I’m learning Julia and, reading the documentations in the past days, I wrote down few comments on typos, unclear sentences, etc. I’m new to the community and I’m unsure whether I should directly open an issue on GitHub, and/or create a pull request.

For example, in the third sentence of the second paragraph of the Implementation section of the Multi-dimensional Arrays documentation page it is written

It is recommended that these operations have nearly constant time complexity, or technically Õ(1) complexity, as otherwise some array functions may be unexpectedly slow.

AFAIK, Õ(1) is quite an abuse of notation, since \tilde O(f(n)) := O(f(n)\textrm{polylog}(f(n))), that is O(f(n)) up to polylogarithms of f(n) (see e.g. Wikipedia), while here it is used as if it meant up to polylogarithms of n.

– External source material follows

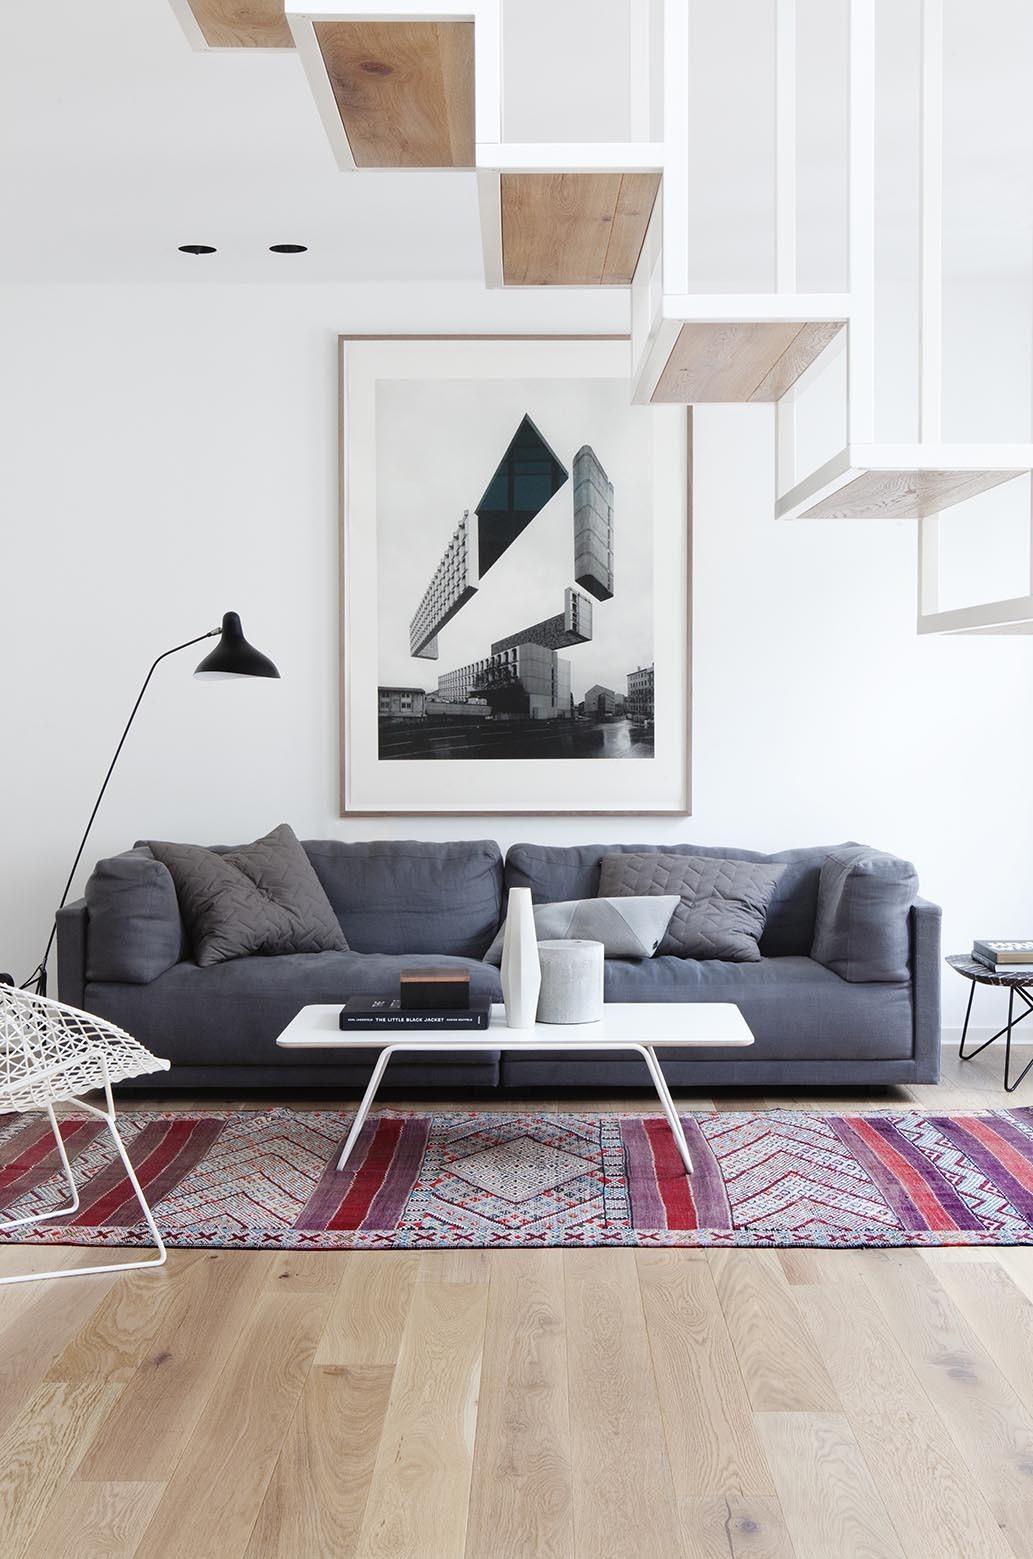 Gallery of Idunsgate / Haptic Architects - 9

I do think it should say O(\text{polylog}(n)) or \cup_{\epsilon > 0} O(n^\epsilon) to be clearer, and to be honest this is the first time seeing the soft O notation, so I am not as certain if it is commonly used.

I guess you mean \cap_{\epsilon>0} O(n^\epsilon), which I would call sub-polynomial, where with polynomial I refer to any function of the form n^c with c>0 (the latter terminology is customary in theoretical computer science, AFAIK). However, I think that here nearly-constant means at most polylogarithmic.

Perhaps I should open a pull request where I propose to remove the Õ(1), and avoid proposing to substitute it with something else.

I don’t know that there’s a true standard across the community, but my general impression is that issues are fine, but if there’s an obvious and concrete fix, and you’re willing to make the PR, just go for it. If there’s a CONTRIBUTING.md, read that first, just in case.

The only time I’d say it might be better to lead with an issue is if the fix will take a lot of effort, and you’re not sure that the fix is actually desired by the package maintainers.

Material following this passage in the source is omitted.